The main story of the film follows how Chappie, the name given to the now sentient Scout, affects the three main leads, Deon, Ninja and Yo-Landi, as he learns what he is and what humans are. Through their interaction with Chappie Deon, Ninja and Yo-Landi form an odd kind of family which, by the end of film has an almost biblical feel to it (we even get a resurrection of sorts). Deon, who refers to himself as the creator to Chappie is, for the first part of the film not present in Chappies life much but when he is around he is attempting to guide the way Chappie run's it's life by giving it instructions and commands that affect it even when he is not around, all the while the is telling chappie not to let People stop it from doing what it wants. Yo-Landi quickly becomes a mother figure to Chappie and is torn between caring out the planed heist with Chappie or protecting it and helping Deon nurture it. Ninja's Part in the family takes it time to show. For a long time he just wants to use Chappie and is frustrated by it's unwillingness to use guns. However he slowly takes the farther role fighting and protecting the others when the Moose tracks them down. Ninja was the character I thought i was going to have a problem with at the beginning of the film. He starts off as an almost generic 'Gangsta' character which was alright as Chappie is, in many ways a gangsta film but to begin with his character did seem a bit to generic an just a bit blah. There are plenty of films with the 'criminal needs to get money to pay pay some one off/ get out of trouble with' and Ninja could easily have fitted in any of these but he did seem to grate against the other characters. This is until he starts to take on the farther role and we see his character changed, more slowly than the others. This is one thing Chappie does well , the four main characters affect each other and change. Even at then end of the film when characters who are forced together normal go their separate ways, the new family stay together. There are two characters who don't really develop, Michelle who apart form say no Deon and Vincent eventual lets Vincent use the Moose and then just seems to disappear and Vincent who just gets more angry and then sulkily try's to set Deon up when his plan fails.

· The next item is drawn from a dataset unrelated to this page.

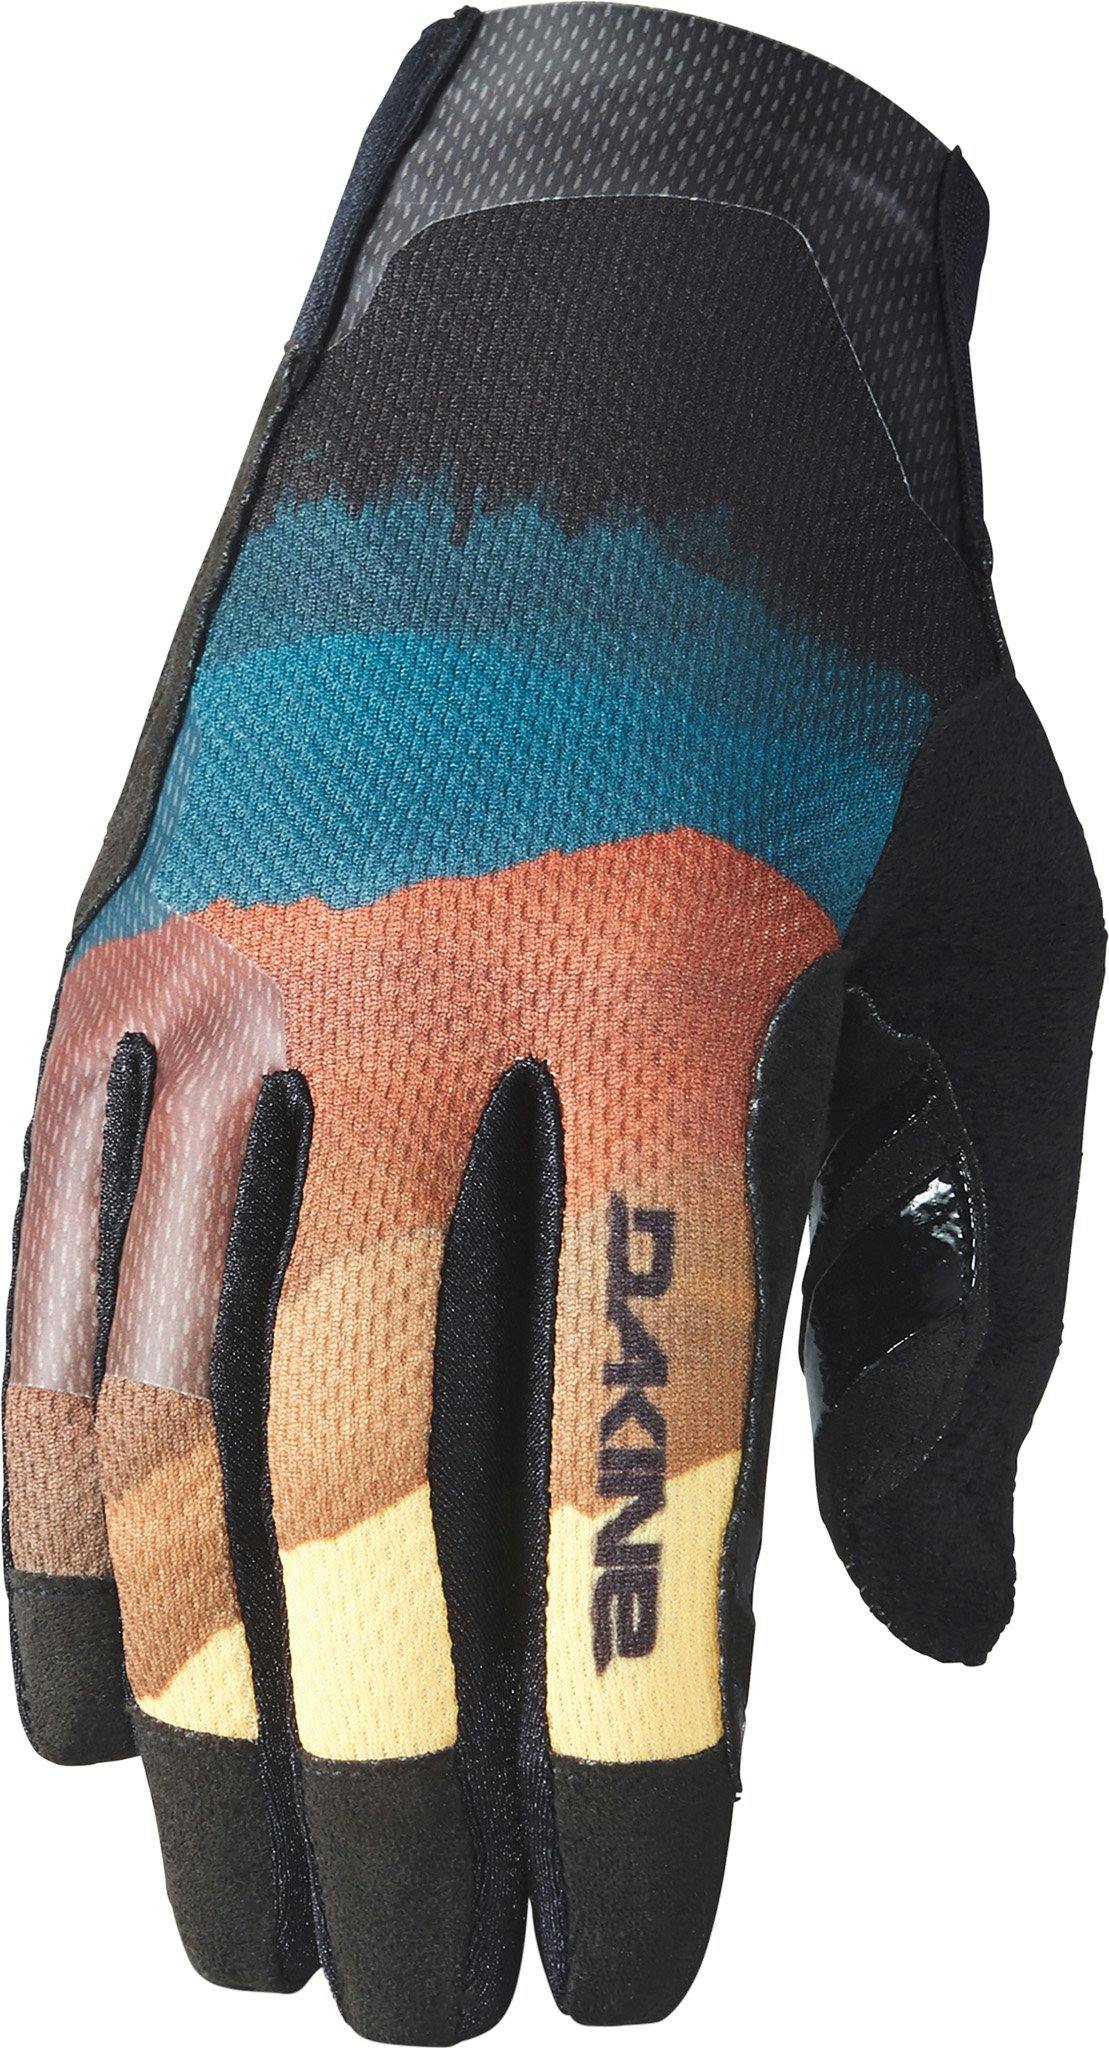 Product image for Covert Gloves - Women's

Chappies development stats off as he is taught how to behave by the three leads and then develops into trying to understand. He could easily have become a 'Pinocchio' type character, trying to become human and fit in (Like Data from Star trek The Next Generation) but instead he try's to understand why humans do the things they do (Fight, lie and manipulate) and in doing so he understands more about himself and gains the desire, not to be human but to live, which makes him a more human character than some other robots.


One thing that initially put me of watching Chappie was the fact that Die Antwoord was in it, not because I don't like their music, in fact i have recently started to listen to them, but because i have found that films with bands in seem to become affected but the band mainly because the band is trying to get it's self as much screen time as possible, an example of this is Lordi's Dark floors which seemed to add unnecessary scenes just give every band member screen time. This is not the case with Die Antwoord in Chappie, although there is a little bit of self promotion, mainly by the band wearing there own t shirts, this does not affect the film as Ninja and Yo-Landri keep in character and don't seem to fight for screen time .


Chappie is an interesting film, part sci-fi, part gangsta with themes of family and the nature of humanity and it handles all the subject with out creating a mess.